Universal Gym Equipment
- Founded: 1957; 69 years ago
- Founder: Harold Zinkin
- Defunct: 2006
- Fate: Acquired by Nautilus, Inc.
- Parent: Flexible Flyer (1998-2006);

= Universal Gym Equipment =

American exercise equipment manufacturer

Universal Gym Equipment was an American manufacturer of exercise equipment, in particular weight machines. It was founded by Harold Zinkin in 1957. In 1998, it was acquired by Flexible Flyer. In 2006 it was acquired by Nautilus, Inc. The Universal Gym brand was subsequently discontinued except for a line of selectorized dumbbells.

==History==
Harold Zinkin was an enthusiastic weightlifter and bodybuilder in the 1930s. He was a habitué of the famous Muscle Beach bodybuilding milieu in southern California, was the first "Mr. California" in 1941, and finished second in the 1945 Mr. America contest.

Barbells and dumbbells had been used for strength training for many years, especially by weightlifters and bodybuilders. However, inexperienced users could injure themselves with these "free weights".

In the late 1940s and early 1950s, Zinkin operated several gyms in the Los Angeles area. Zinkin wanted to make strength training safer and more accessible to novices, and thus broaden the appeal of the sport. To that end, he developed the "weight machine". Instead of lifting a bar with weight plates on it, the user pulls or pushes a handle connected by levers or cables to a stack of weight plates riding on steel guideposts. This allows a user to perform weightlifting exercises with no risk of dropping the weight on himself.

It also allows weight resistance to be in any direction (i.e. down as well as up, or rotary), and for the user's range of motion to be constrained, thereby concentrating effort in a specific muscle group.

Another key feature was the much easier change of weight. With barbells and dumbbells, lifting at different weights required either a set of bells with different fixed weights, or else adding and removing weight plates at both ends, a process which could take up to a minute. On Zinkin's machines, the weight lifted was selected by inserting a pin into the weight stack; moving the pin took only a few seconds.

Zinkin marketed his machines under the "Universal Gym" trademark. They proved highly successful. He sold several custom-built units, and in 1963 began mass production.

The standard "Universal Gym" incorporated stations for eight or ten different exercises in a single large frame. Often these units included non-weight exercise stations, such as a chin-up bar or a slant board for sit-ups.

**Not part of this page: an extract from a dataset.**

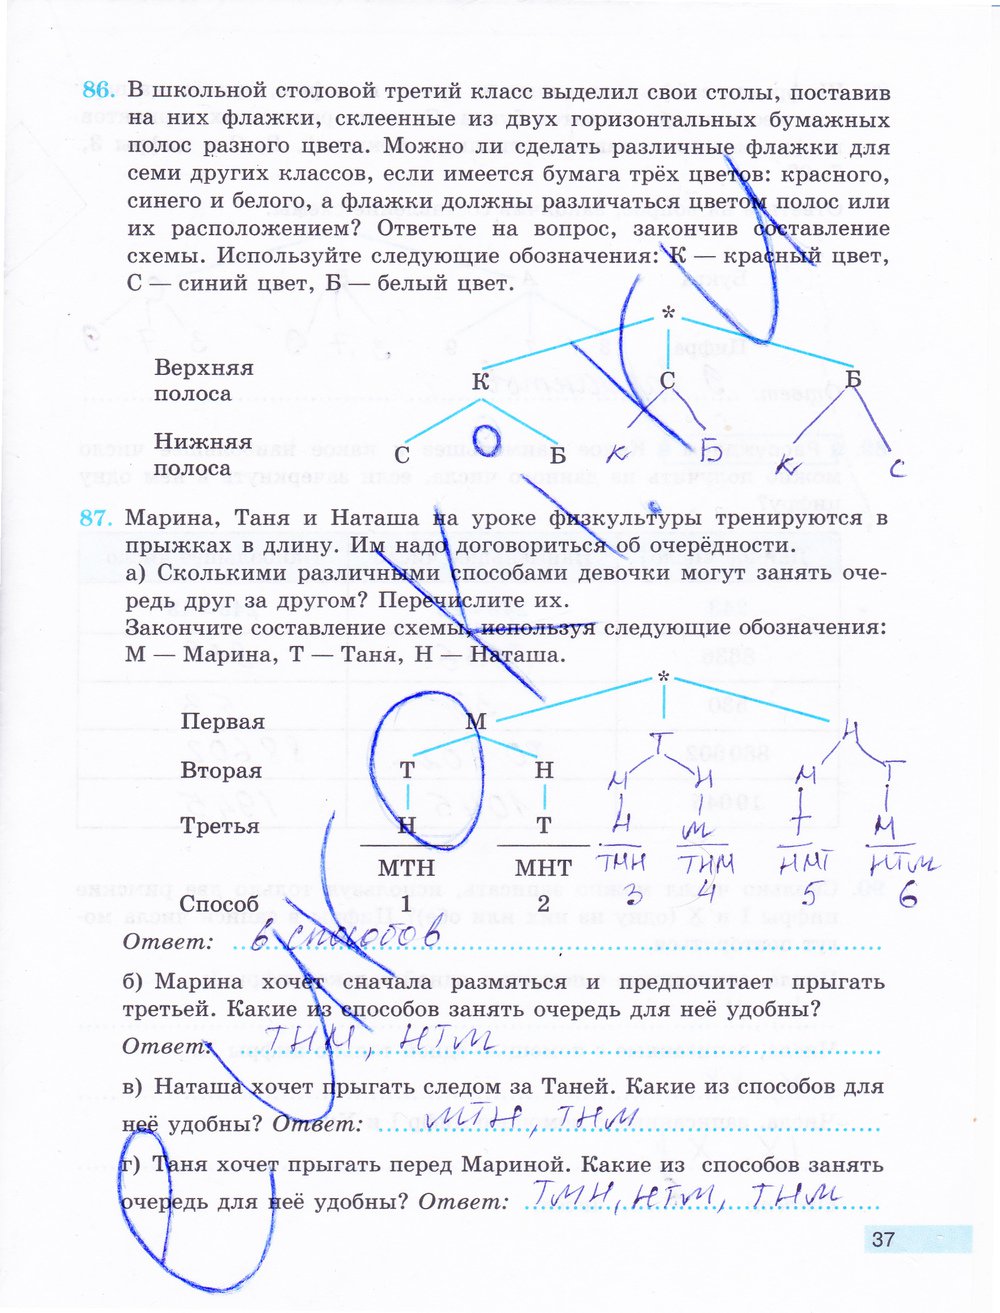 гдз 5 класс рабочая тетрадь часть 1 страница 37 математика Бунимович, Кузнецова
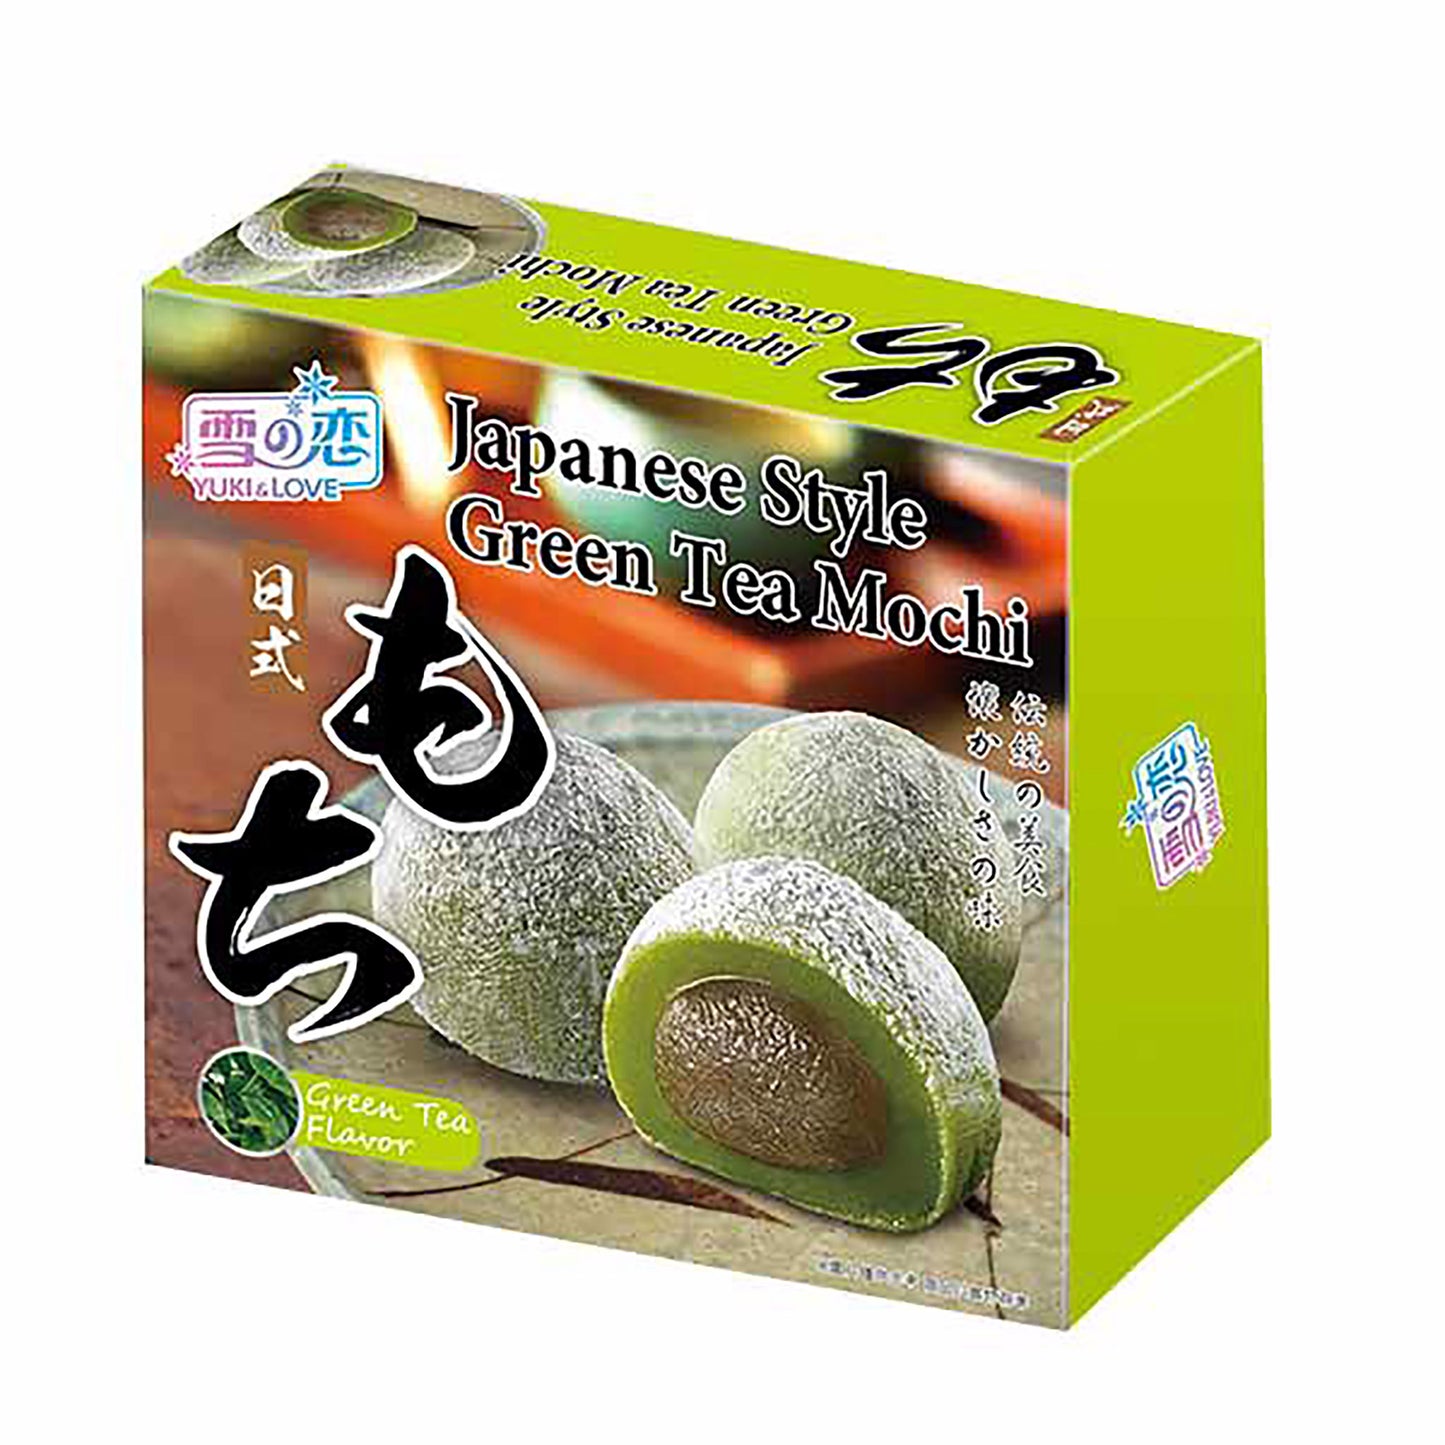 日式绿茶麻薯 (140gm*24)

Athletic and exercise venues of all sorts - schools, colleges, YMCAs, private gyms (such as the Vic Tanny chain), and professional sports teams - acquired Universal Gym machines to supplement or replace free weights.

Zinkin wrote later, "If I'm proud of anything, it's that machine and the fact that there probably isn't one professional athlete in the world who hasn't worked out on a Universal at least once."

Universal also offered single-exercise machines, and smaller units for home use. With its strong brand recognition, Universal also made and sold other fitness equipment, including free weights, weight lifting benches, and machines for cardiovascular exercise.

In 2004, the Universal product line included Power Circuit Single Stations, Free Weight Machines, Classic Chrome Single Stations, and Multi-Station Machines — all based on the design of Zinkin's original Universal Gym.

Universal had a number of industry "firsts", including such products as the "Dynamic Variable Resistance" technology that varied the resistance applied to muscle groups by an exercise machine throughout the entire range of motion.

However, from the 1980s onward, Universal faced increasing competition from Nautilus and other rivals. Zinkin retired from the company. In 1998, it was acquired by Flexible Flyer, a maker of outdoor recreational products such as sleds and swing sets. Flexible Flyer later decided that Universal did not fit its business. In 2006 Universal was acquired by Nautilus, Inc.In 2011, Nautilus released for a line of selectorized dumbbells under the Universal brand.